#### [Exercise]
When you transcribe the lines below, keep every word the same and leave the pictures behind.

[Supplied information — start]

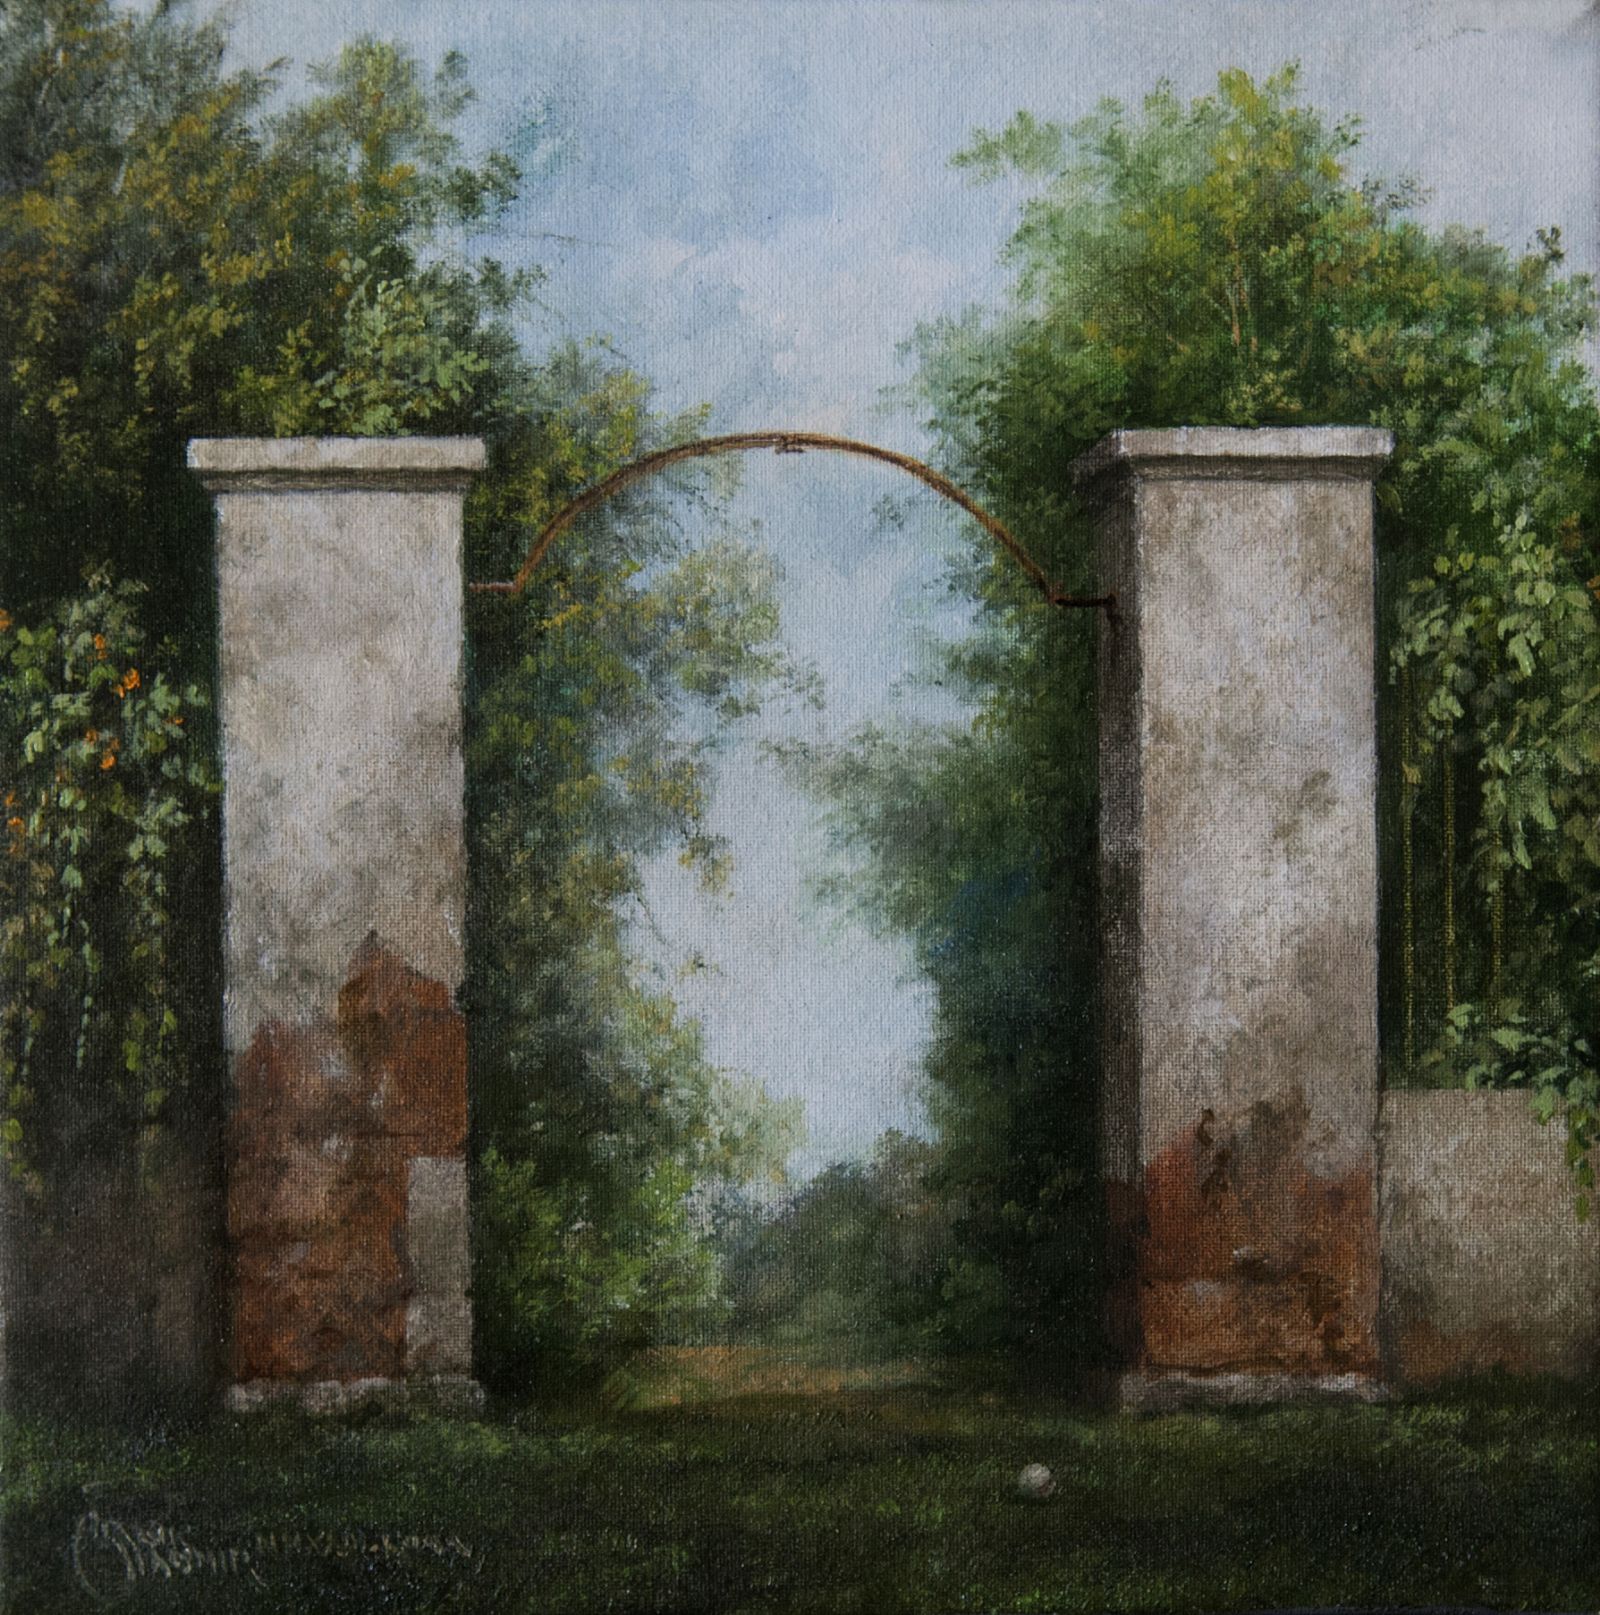 Southern Gate by Vladimir Pajevic
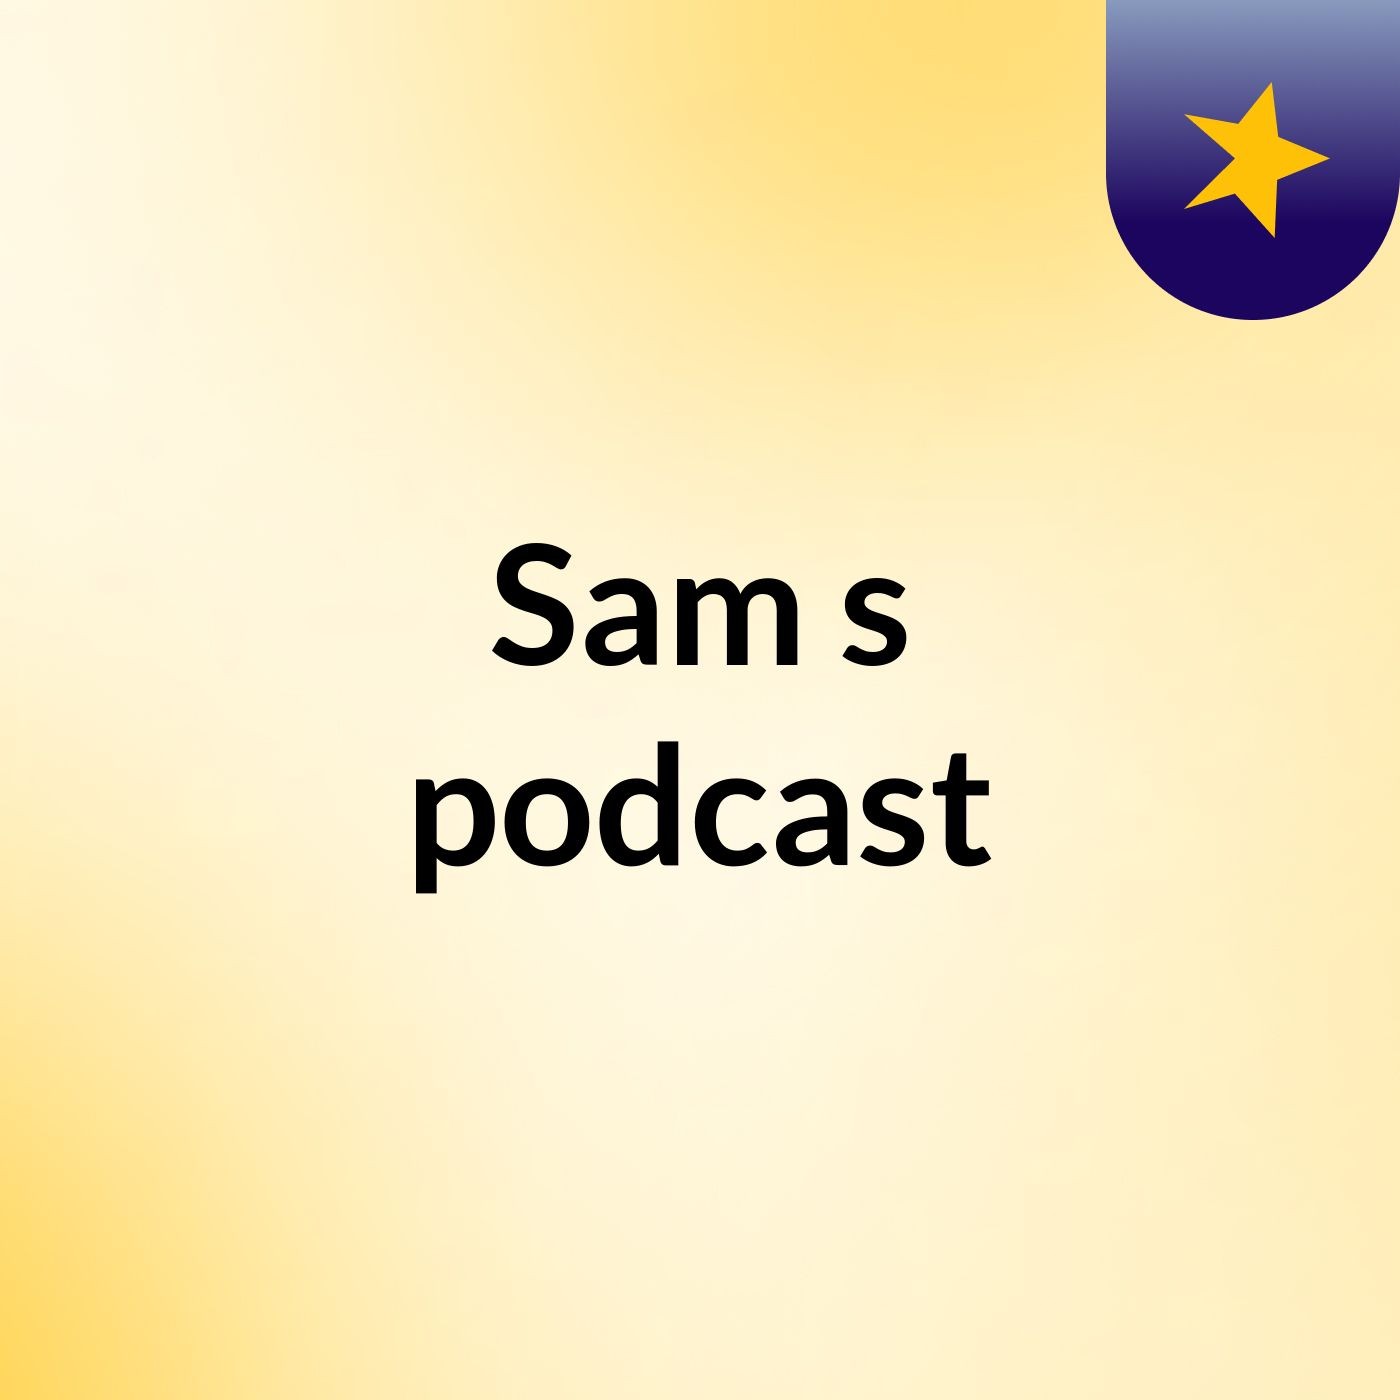 Sam's podcast
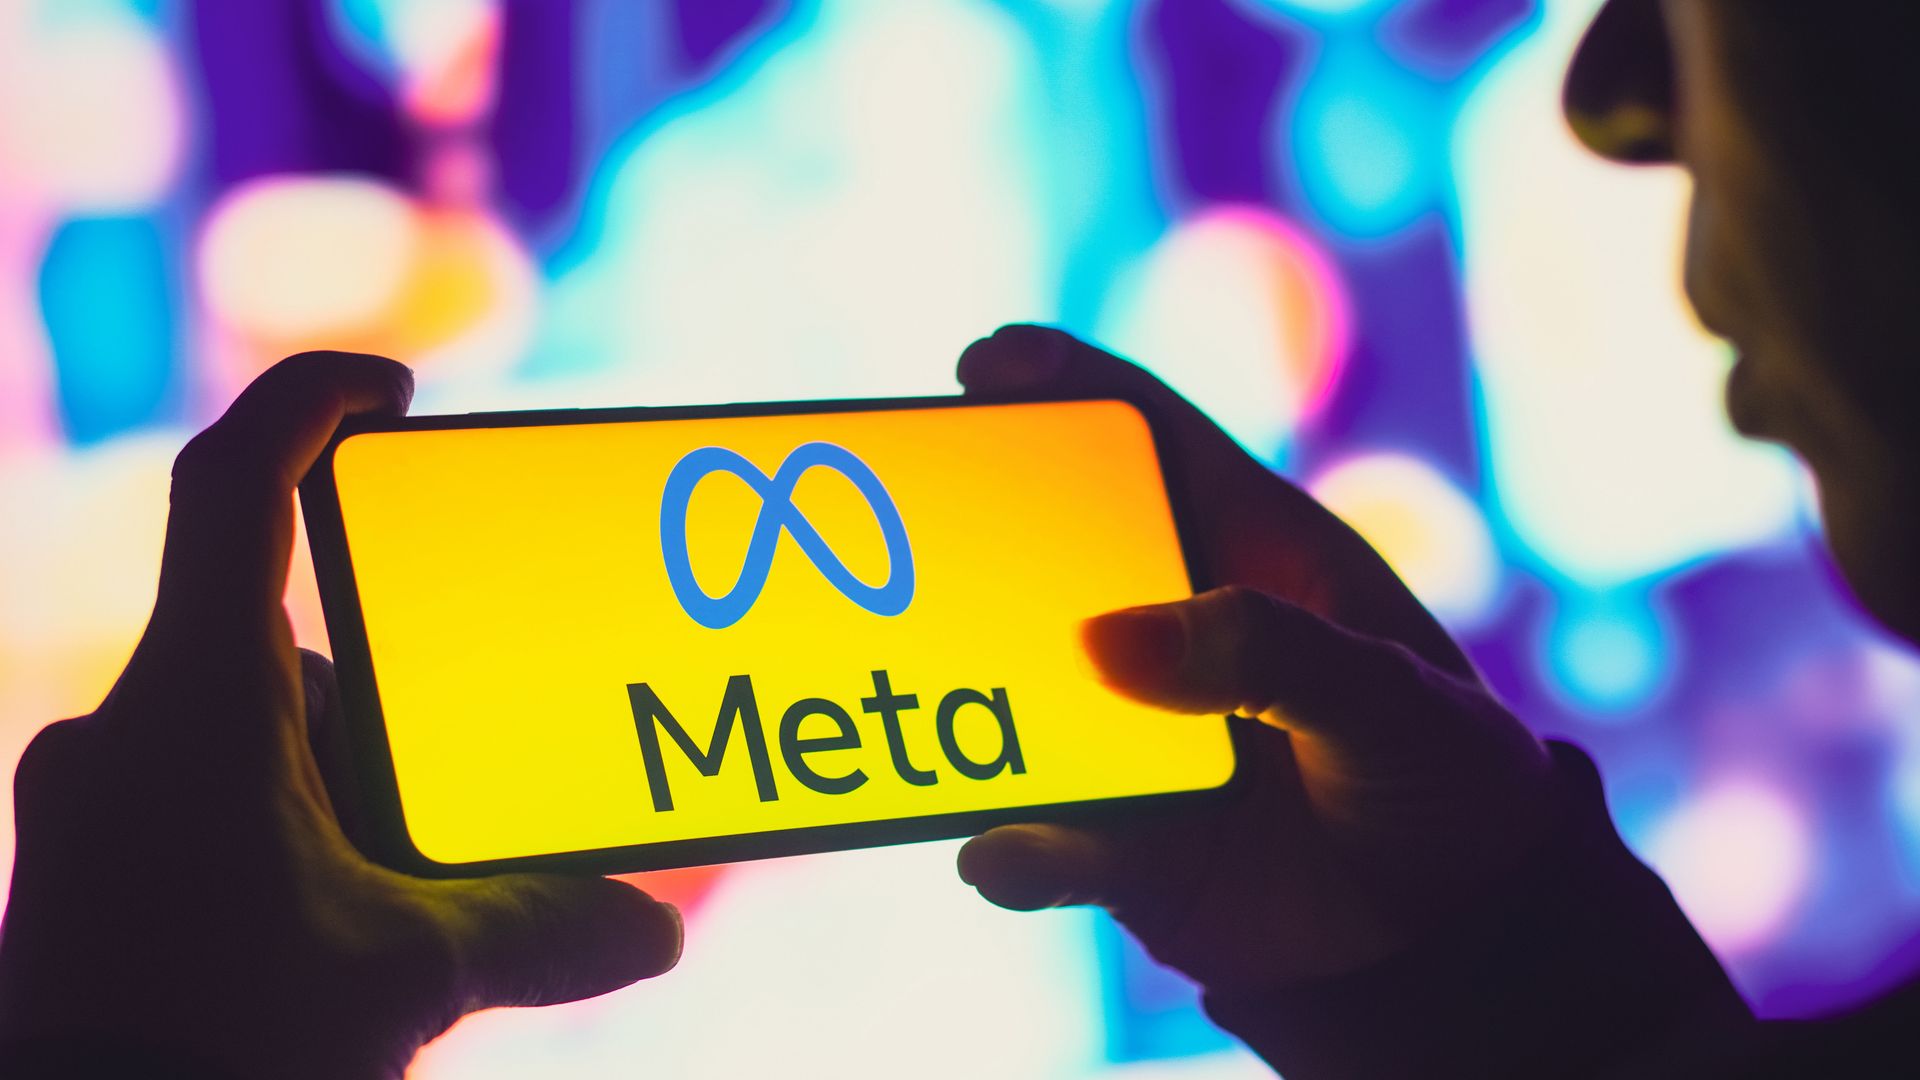 Meta stock soars following revenue beat, positive outlook
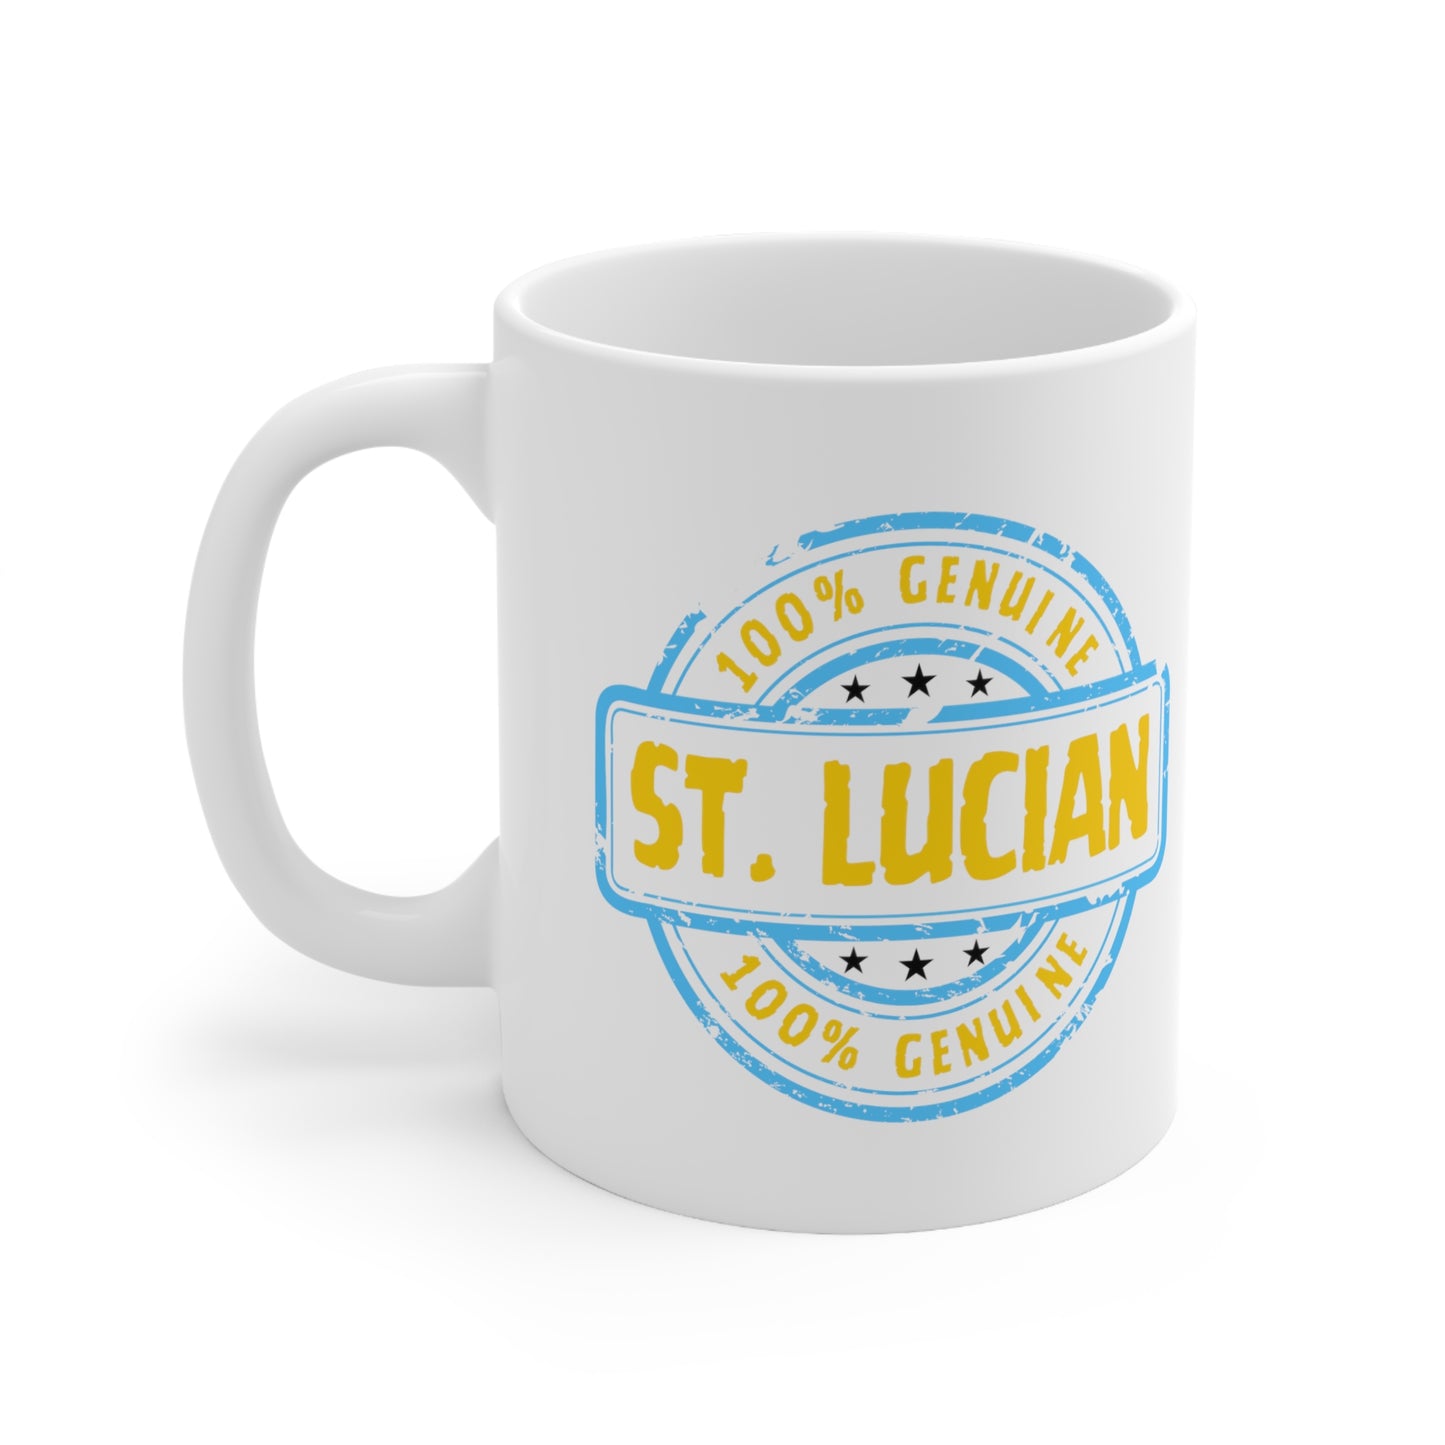 Saint Lucian Stamp Ceramic Mug 11oz

[Supplied information — finish]

#### [Answer for the task]
 Southern Gate by Vladimir Pajevic
 Sam's podcast
 Meta stock soars following revenue beat, positive outlook
 Saint Lucian Stamp Ceramic Mug 11oz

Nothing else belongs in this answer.